There is a solution, of course. We could go, and let thePinkDiva sit with us. But then BigBoy would get upset, and feel that he was being abandoned in the Nursery while his sister had special time with us. So he’d have to some sit in the pew with us also. Which would lead to us, the parents, playing mediator, and constantly shushing, and plying the kids with tic tacs and gum to keep them quiet while supplying them with pencils and paper to doodle on when they get bored. The end result – We wouldn’t hear half of the sermon, and we’d leave service irritated and frustrated. Not really the goal of church service.

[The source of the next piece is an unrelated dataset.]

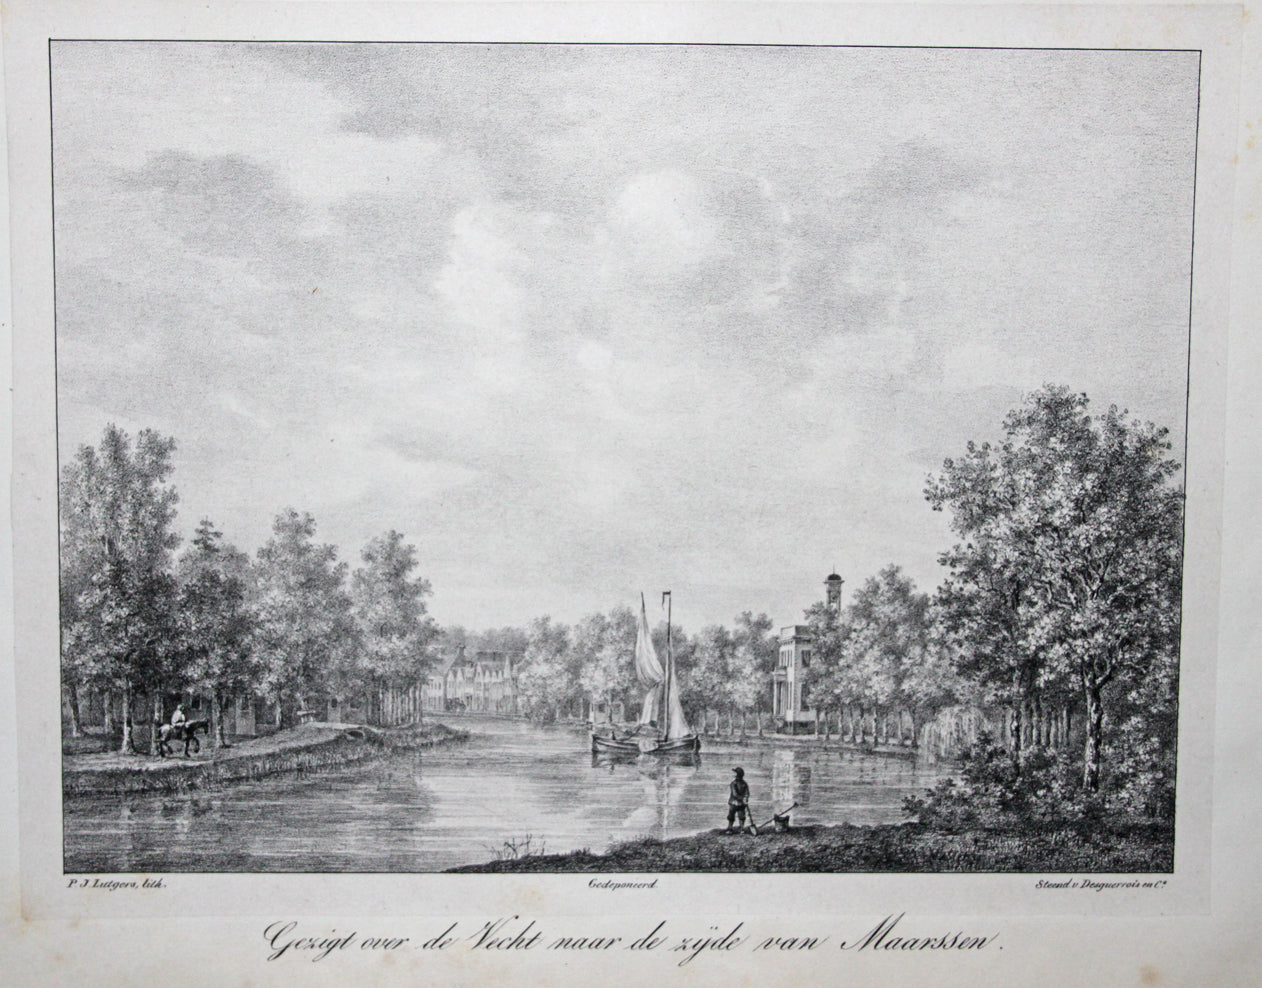 MAARSSEN - Lutgers / Desguerrois & Co - 1836
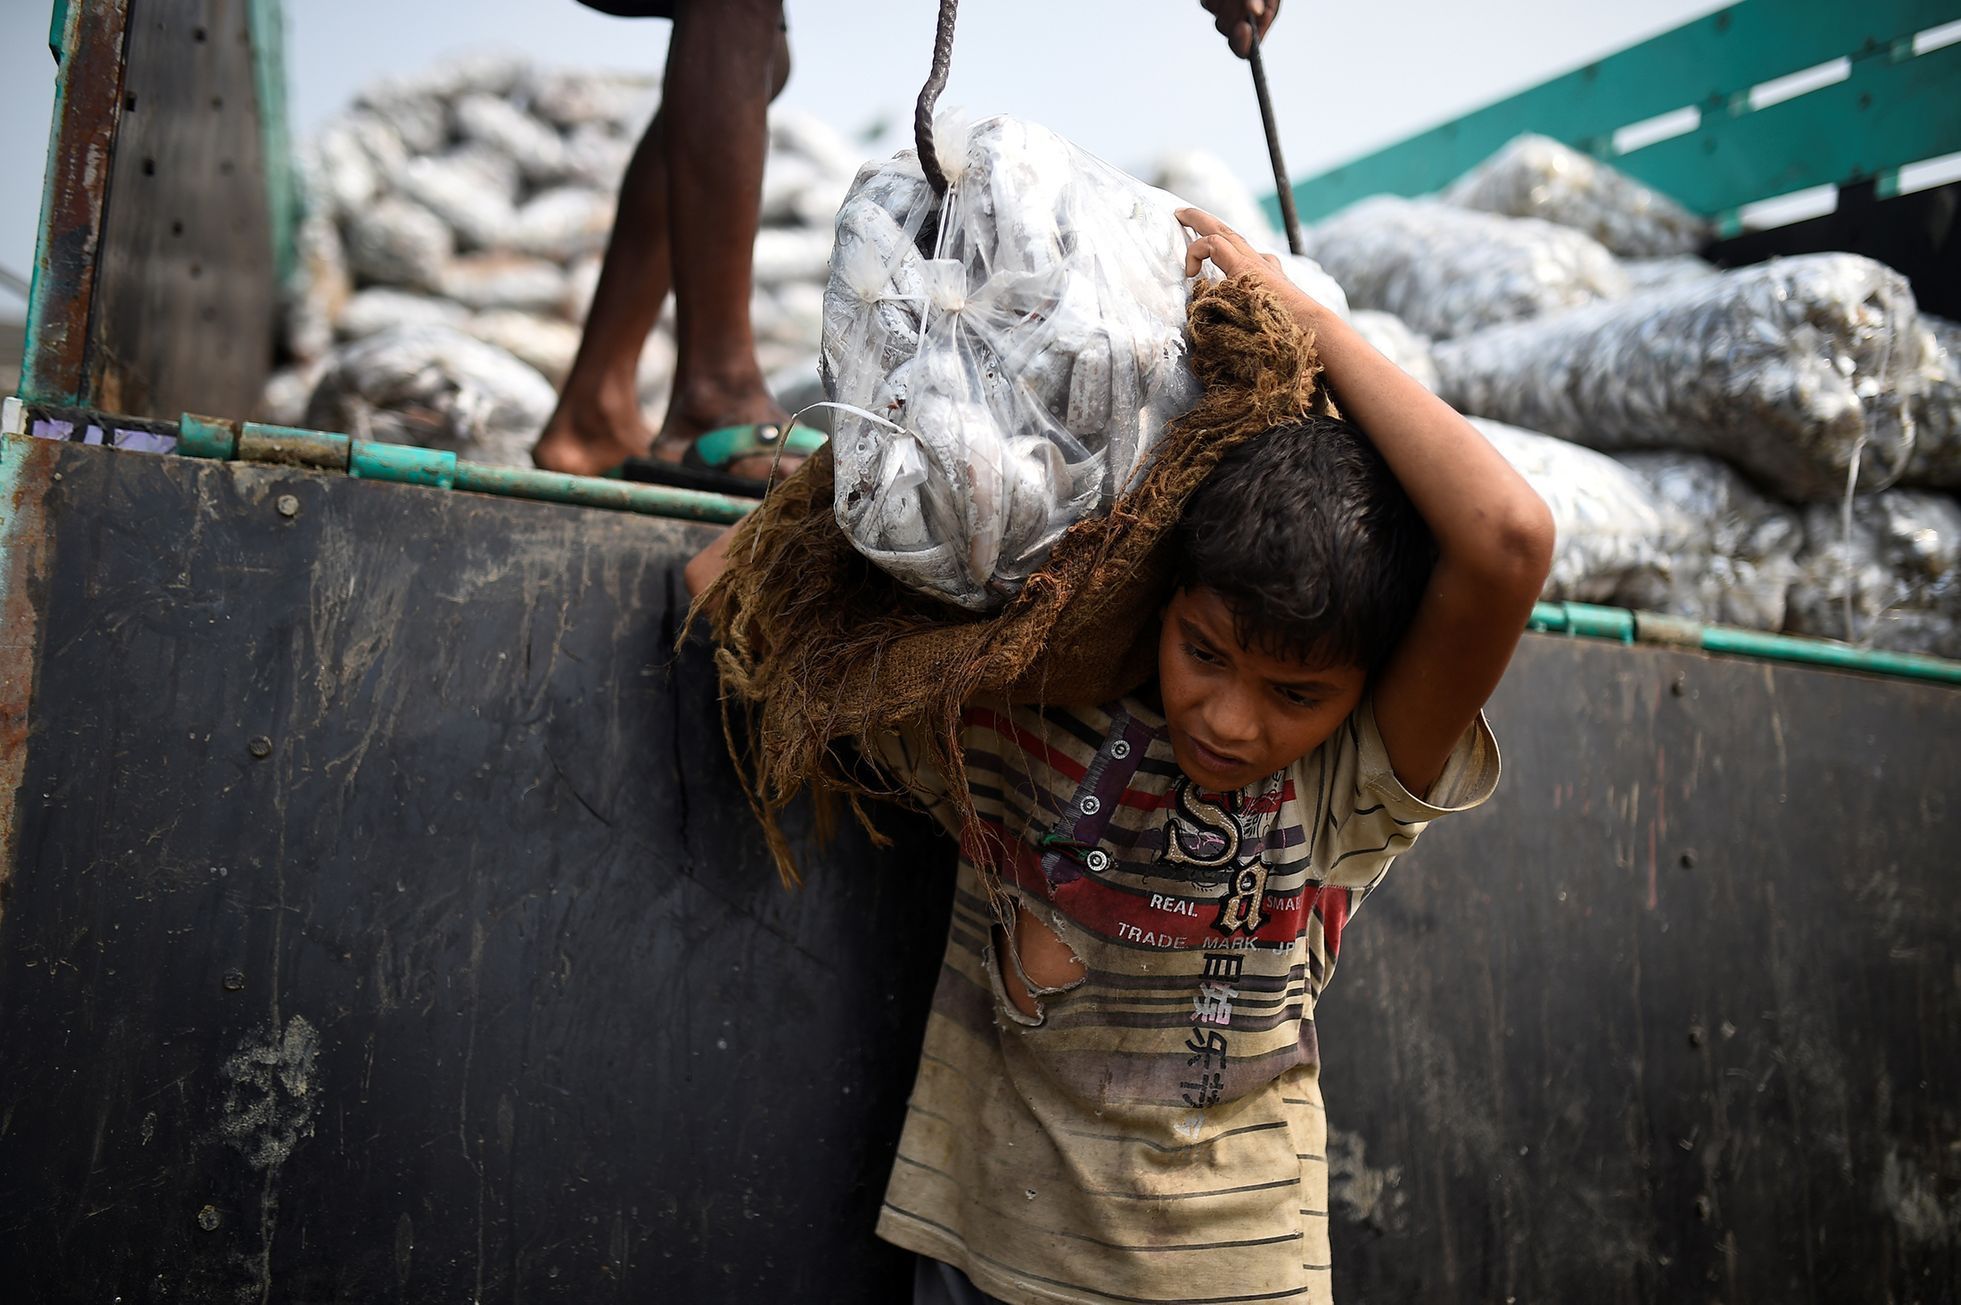 Fotogalerie / Rohingové v Bangladéši / Reuters / 17

Then I read this article, Why I Don’t Go To Church Anymore by Wayne Jacobsen. Things just make so much sense. Like when he points out that “church” was never meant to be a big building or institution.
Scripture does encourage us to be devoted to one another not committed to an institution. Jesus indicated that whenever two or three people get together focused on him, they would experience the vitality of church life.
Read the whole article. Mr. Jacobsen makes some pretty valid points. I’ve also started reading Jake Colsen‘s book, So You Don’t Want to go to Church Anymore, available online even. So far it’s a good read.
But even though we haven’t been attending a physical church, that doesn’t mean that we have given up on learning about God, or that we sit around in our jammies just enjoying a day off. Instead, we choose to hold “church” at home. We have four different churches that we “attend” online, thanks to sermon podcasts. There is Pastor Waite, the pastor who married us over 12 years ago. We could listen to Pastor Burcham, my mom’s pastor, and a church we attended when we lived nearby. There’s a our current church home, led by Pastor Tim Piland. We also recently found our pastor from Italy, Pastor Jerry Boritzki, relocated and now serving a church in Michigan. Awesome. The best part about listening to the podcasts from home – we can pause the sermons when the kids start to interrupt. No more missing out on half the sermon due to distractions. *S* We can also download the podcasts and listen at our leisure. “Church” is no longer confined to 10-12 A.M. Sunday morning!
YouTube is a big help too. You know those worship videos most churches play on the big screens along with the lyrics to the choruses? YouTube has ’em! I don’t have to invest a small fortune in music, I just find some good ones, add them to playlist, and sing along, without worrying about staying on key. Music is such a balm to my soul, this playlist is sure to grow as I find more songs I like.
So… yea. I’m still feeling just a little bit guilty about missing church. But I always feel so much better after I’ve spent some time singing along with some good worship music, and listening to a sermon with my hubby.